Rules that carriers must retain data called incompatible with EU law
The European Union’s top legal advisor ruled on Thursday that laws requiring communications providers to retain all data, even to combat crime, are incompatible with fundamental rights.
Advocate General Pedro Cruz Villalón of the European Court of Justice (ECJ) said in a published opinion that the E.U.’s Data Retention Directive is in conflict with the Charter of Fundamental Rights of the European Union and the right to privacy.
The Directive requires providers of telephone and Internet communication services to “retain traffic and location data for a period laid down by law, in order to prevent, detect, investigate and prosecute crime and to safeguard the security of the state.”
The ruling came following a request from the High Court of Ireland and the Constitutional Court of Austria. Civil liberties group Digital Rights Ireland filed a case against the Irish authorities, including the police, saying they have “unlawfully processed, retained and exercised control over data related to its communications.” A private individual has brought a similar case in Austria.

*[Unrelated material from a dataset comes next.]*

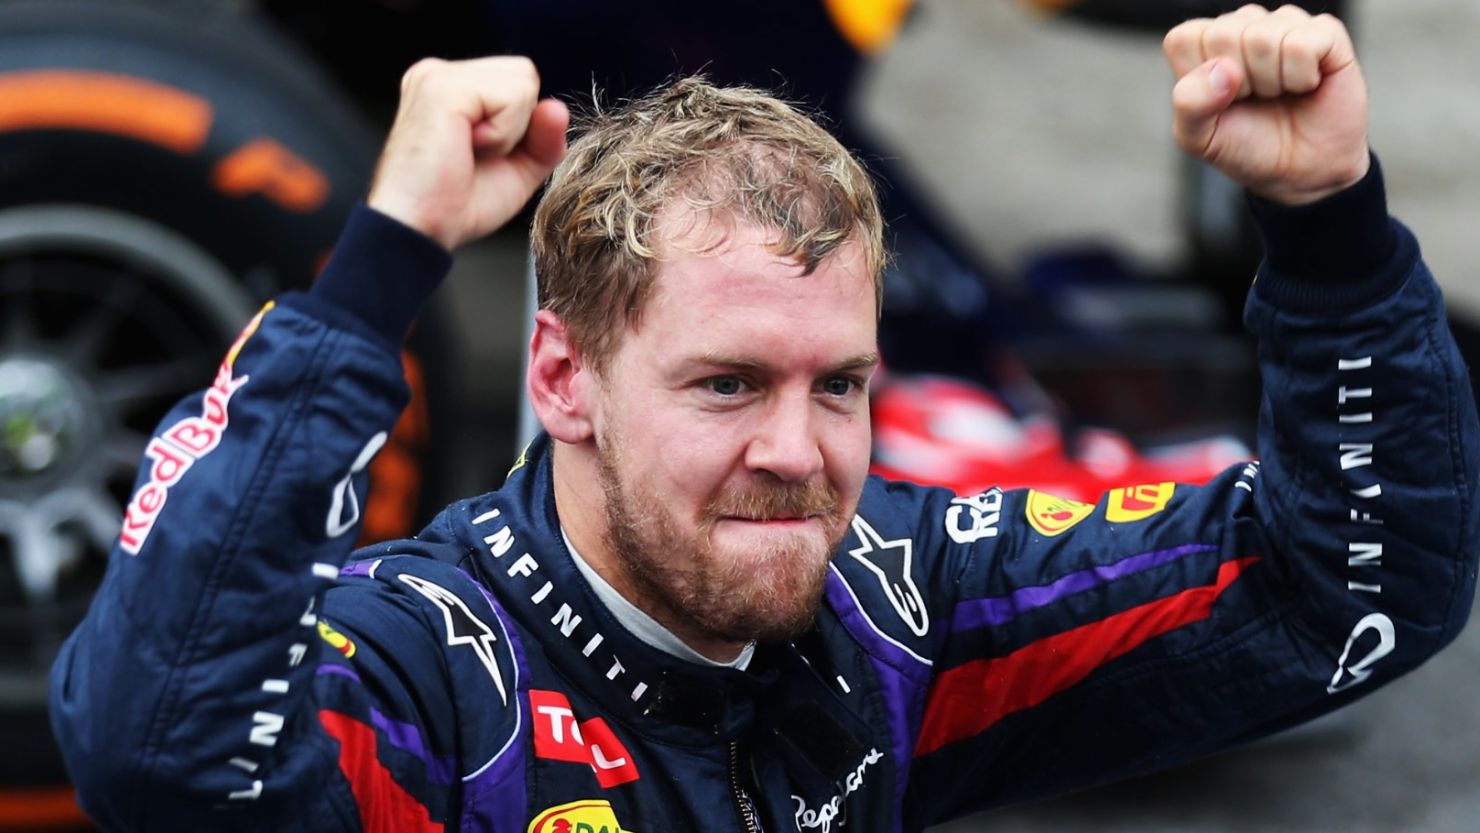 Red Bull's Sebastian Vettel will be aiming to make it five title victories in a row.

While Cruz Villalón’s opinion is not legally binding, it is likely to be followed by the courts. The opinion did leave the door open for mass storage of data under stricter conditions. He said that the Data Retention Directive, which dates from 2006, needed to be reformed rather than suspended.
In particular he wants a clearer definition of the “serious crime” that the Directive is intended to target. He also questioned why the upper limit for retention of private data is two years rather than one.
The ECJ will now proceed to a formal, legal ruling on the case, but in practice the court tends to follow the advice of the Advocate General.